Then he disappeared into his room, shutting the door firmly behind him. His reaction puzzled me. He had seemed very keen to get here - as if he expected to find something at one of the castles or at the lake behind them - but now he didn’t seem bothered at all about me going on my own, almost as if he knew the visits would be pointless. But then, perhaps he simply felt too ill to care. Either way I wanted to see these castles - and the lake in particular - for myself. I wouldn’t have time to visit both in what remained of the day but I could certainly take a look at one of them. I was about to turn away when I heard the sound of something being knocked over and breaking in Ben’s room. I frowned and called through the door, ‘Are you all right in there?’

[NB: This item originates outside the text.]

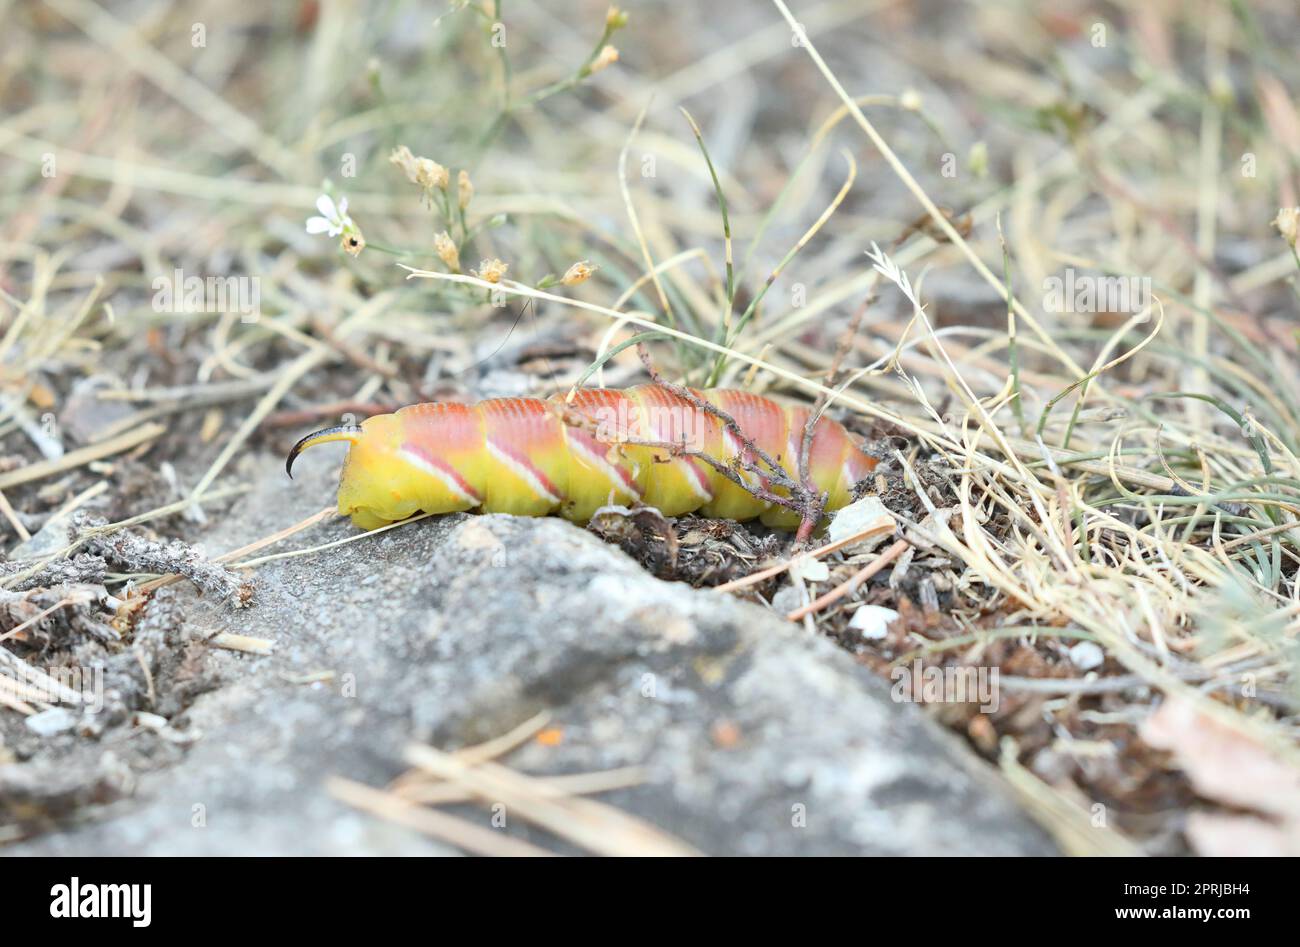 Privet Hawk Moth - Sphinx ligustri - Caterpillar, rare yellow variant burying itself in the earth and preparing to become a pupa Stock Photo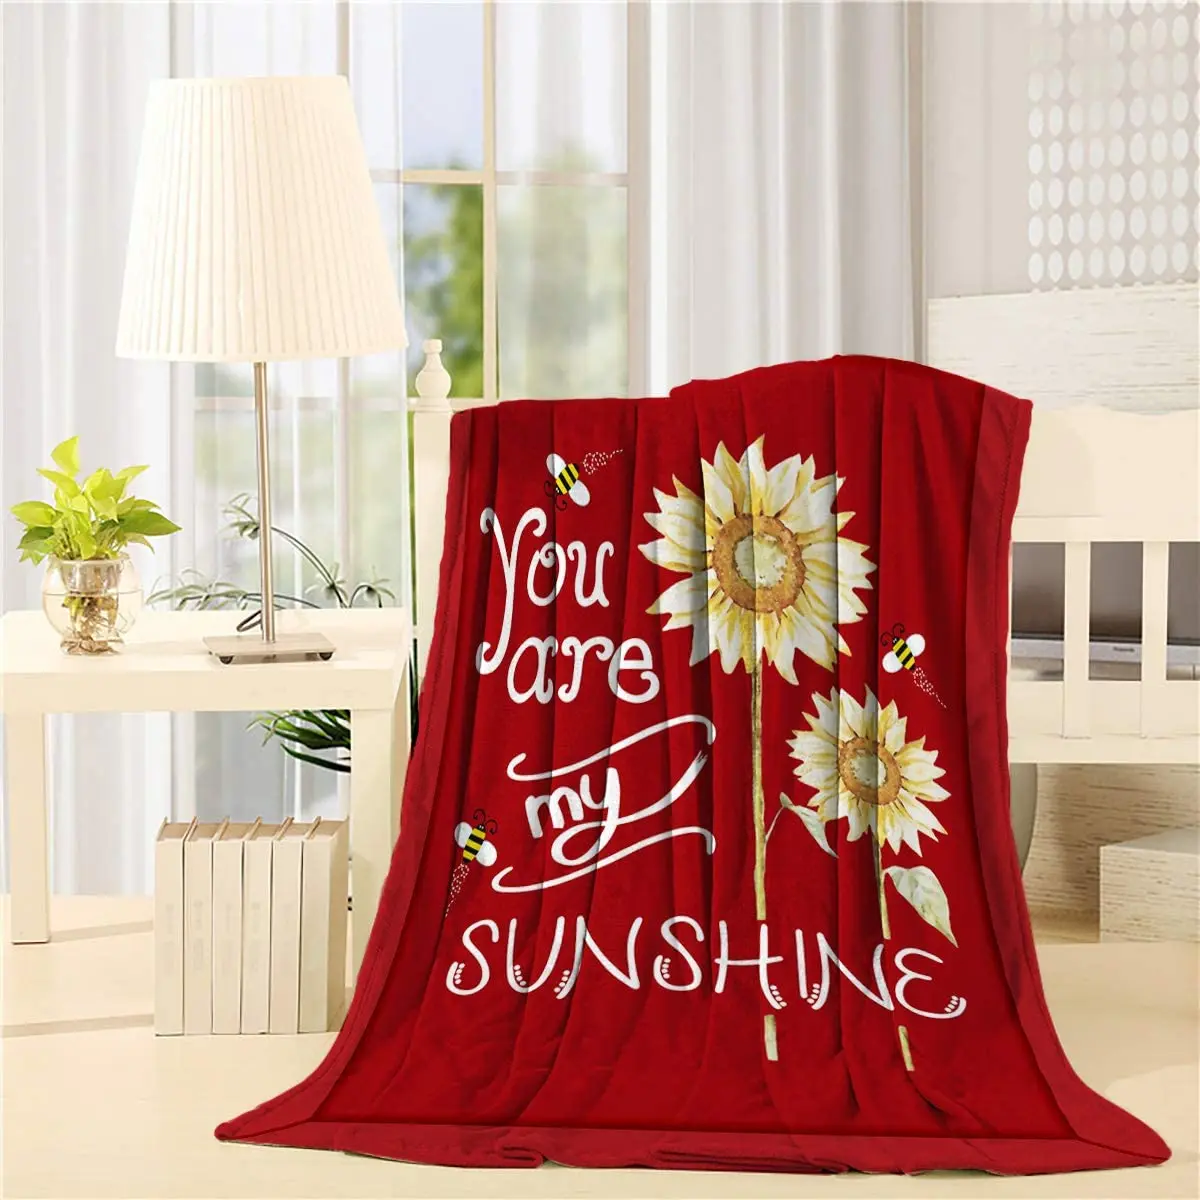 

Sunflower Throw Blanket Black Bed Blankets Plush Fleece Blanket for Couch Sofa Bed, You are My Sunshine Blanket Comfy Microfiber

For a moment there was silence, then Ben’s muffled voice replied, ‘I already told you I’m fine. Just leave me alone.’
‘Fine,’ I said, throwing up my hands and wondering why I even bothered as I walked away down the corridor.
10
Hohenshwangau
I parked the car in the car park and then walked up the hill towards the castle. From a distance, Hohenschwangau was very much outdone by Neuschwanstein, for its squat, yellow structure could hardly compete with the latter’s tall, elegant white spires. But, up close, Hohenschwangau too was a lovely building, in an absolutely breathtaking setting.
The tour guide explained that Ludwig had lived here whilst Neuschwanstein was being built - watching it progress from the other side of the mountain and looking forward to the day when he could finally move in. People said he was bankrupting the country with these castles but the truth was that he paid for them out of his own pocket. And the irony of it was that they drew more tourist dollars between them now than any other attraction in Bavaria.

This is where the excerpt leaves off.